800.6363/2–545: Telegram

The Acting Secretary of State to the Ambassador in Italy ( Kirk )

263. The Department approves the procedure recommended in your 315 of 3 p.m. February 5,39 that the note be submitted direct to the Italian Government with information copy to the AC. We have agreed with the British representatives here the text quoted below, which they have referred to London with the recommendation that it be accepted and that the British Embassy Rome be instructed to take action parallel with yours. You are requested to coordinate your action with that of the British Embassy.

The change foreshadowed in the Department’s 151 of 4 p.m. January 26 concerned the following paragraph in the original statement contained in your 1021 of 4 p.m. December 22.39

“In addition it should be a matter of record that the cession of the direct holdings in the petroleum industry of the Italian Government may very probably be an integer among other claims for reparation.”

This paragraph was omitted from the revised text sent to you in the Department’s 108 of 2 p.m. January 19. Subsequently we learned that it was still included in the text as approved by the Foreign Office.

The Department considers that in a matter involving a question of policy such as is dealt with in this paragraph it is most desirable that no grounds be given to the Italian Government for believing that the American and British viewpoints might not be similar. We consider it desirable that the British and American notes should be as similar as possible. Accordingly the Department has prepared a substitute for the above paragraph, with which it is hoped that London will agree. The new paragraph is the fifth in the following text.

The note is quoted below in full. A few modifications have been made in the text as sent in our 108 in order to take account of verbal changes suggested by the British which you sent in your 99 of 6 p.m. January 12.39

“In connection with the decree giving legal status to CIP my Government desires to place on the record certain broad aims with respect to the petroleum policy of the Italian Government.

[Page 1307]

It will be recognized by the Italian Government that the injuries done in petroleum operations in Italy to nationals of the United States and the United Kingdom constitute a general problem which will ultimately have to be dealt with. Before the war preferential treatment was received by AGIP and ANIC as compared with that given the petroleum enterprises controlled by Allied nationals, and during the war, serious injury has been inflicted on these enterprises. As the settlement of this problem may require a considerable period, it is the desire of the United States Government that in the meantime the conduct of petroleum affairs in Italy should be such that the interests of American nationals will not be further prejudiced.

Your Government must also recognize that American petroleum interests in Italy have suffered grave damages, and that at the proper time some satisfactory recompense must be made. Meanwhile, no actions which might tend to complicate further the position of American nationals in the petroleum industry in Italy should be taken or be permitted by the Italian Government.

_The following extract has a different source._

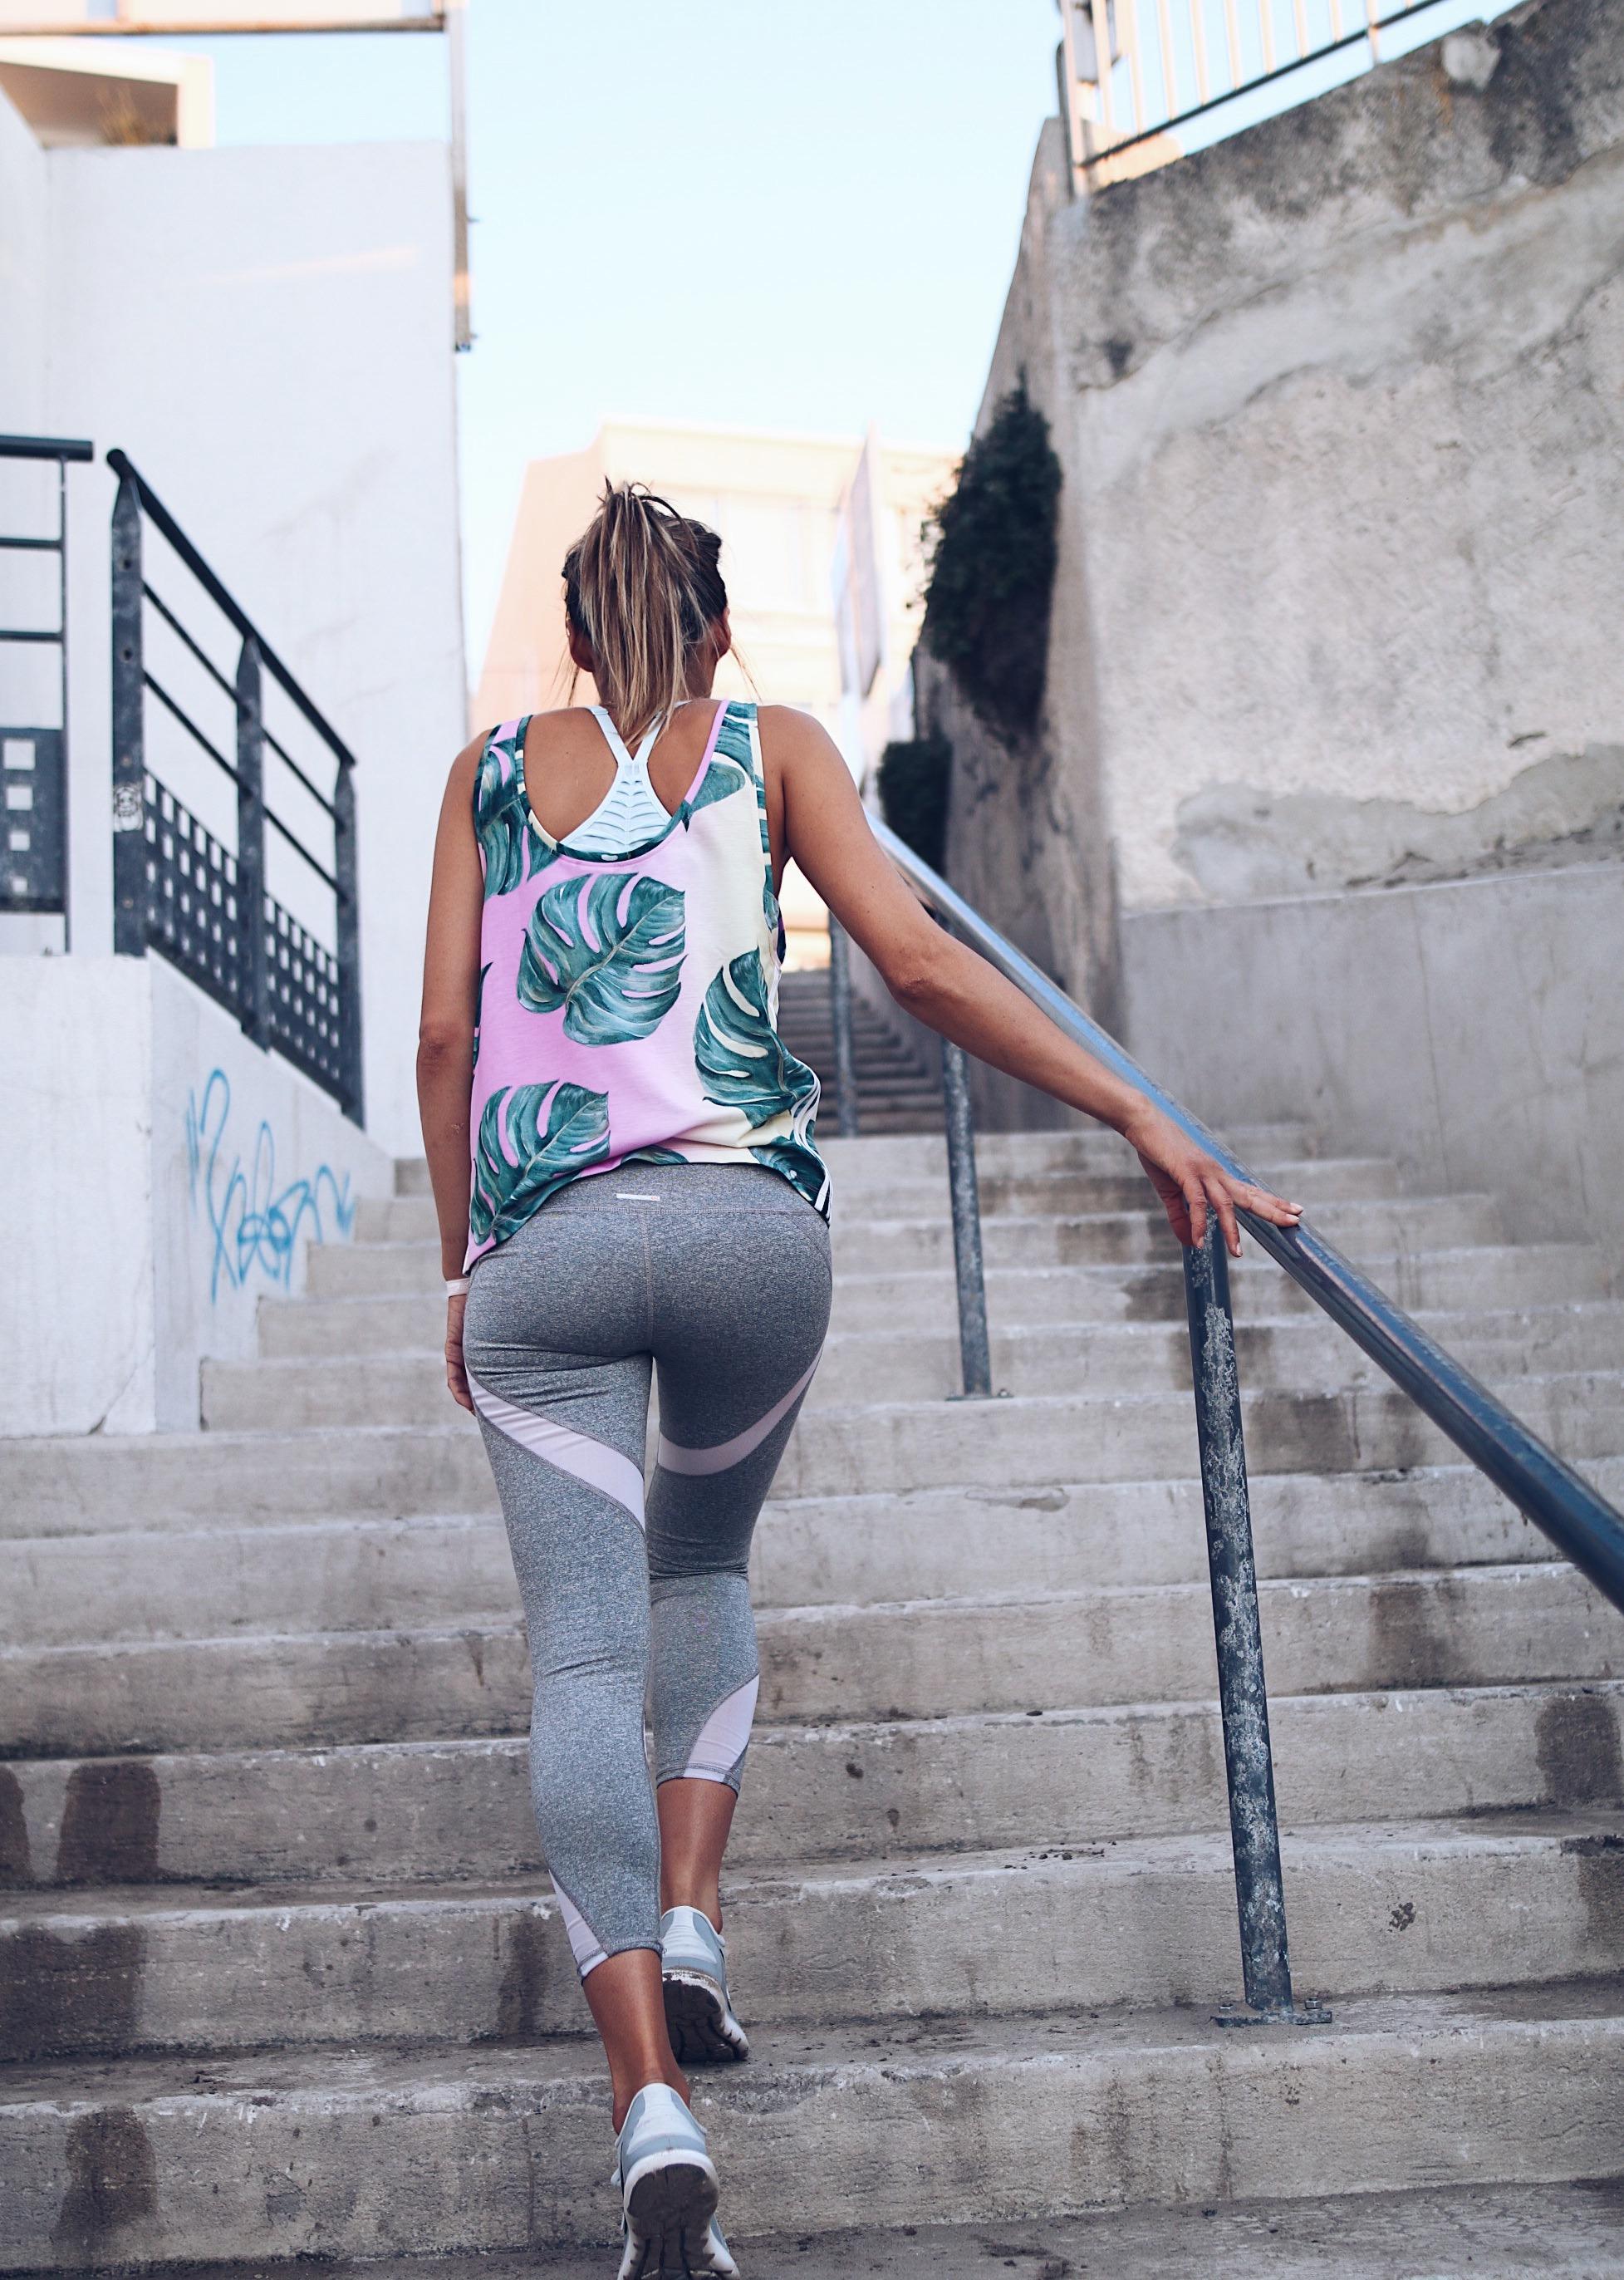 Comment se mettre a la course à pied, conseils pour commencer le running, running pour débutant, course à pieds pour les nuls

In particular the petroleum properties and rights formerly belonging to American nationals, or to enterprises in which American nationals were interested, which were confiscated by the Italian Government should not be disposed of to private concerns or individuals. The policies and actions of the Italian Government should be such as to facilitate the return at the earliest possible moment of the properties to the companies from which they were confiscated, including the rights and other intangible assets of the companies and the competitive opportunities which they enjoyed.

In addition it should be a matter of record that in the ultimate settlement the Italian Government may be required to cede or liquidate various state-owned or controlled properties and assets in order to provide compensation to Allied nationals for damages suffered growing out of the war declared by Italy against the United States. As the petroleum properties and assets which belonged to the Italian Government prior to the confiscation of the American properties may be included among the holdings that will be required for this purpose, no action should be taken by the Italian Government pending the settlement which might result in dissipating these assets or in rendering more difficult their possible mobilization and transfer. This statement is made without prejudice to the claims of American nationals to just compensation for damage and injury suffered, whether sustained before or after the promulgation of the decree legalizing the CIP.

The points set forth above have little to do with petroleum operations currently conducted in Italy but in anticipation of the proper time for their consideration it is believed appropriate to place them upon the record now so as to avoid future misunderstandings.”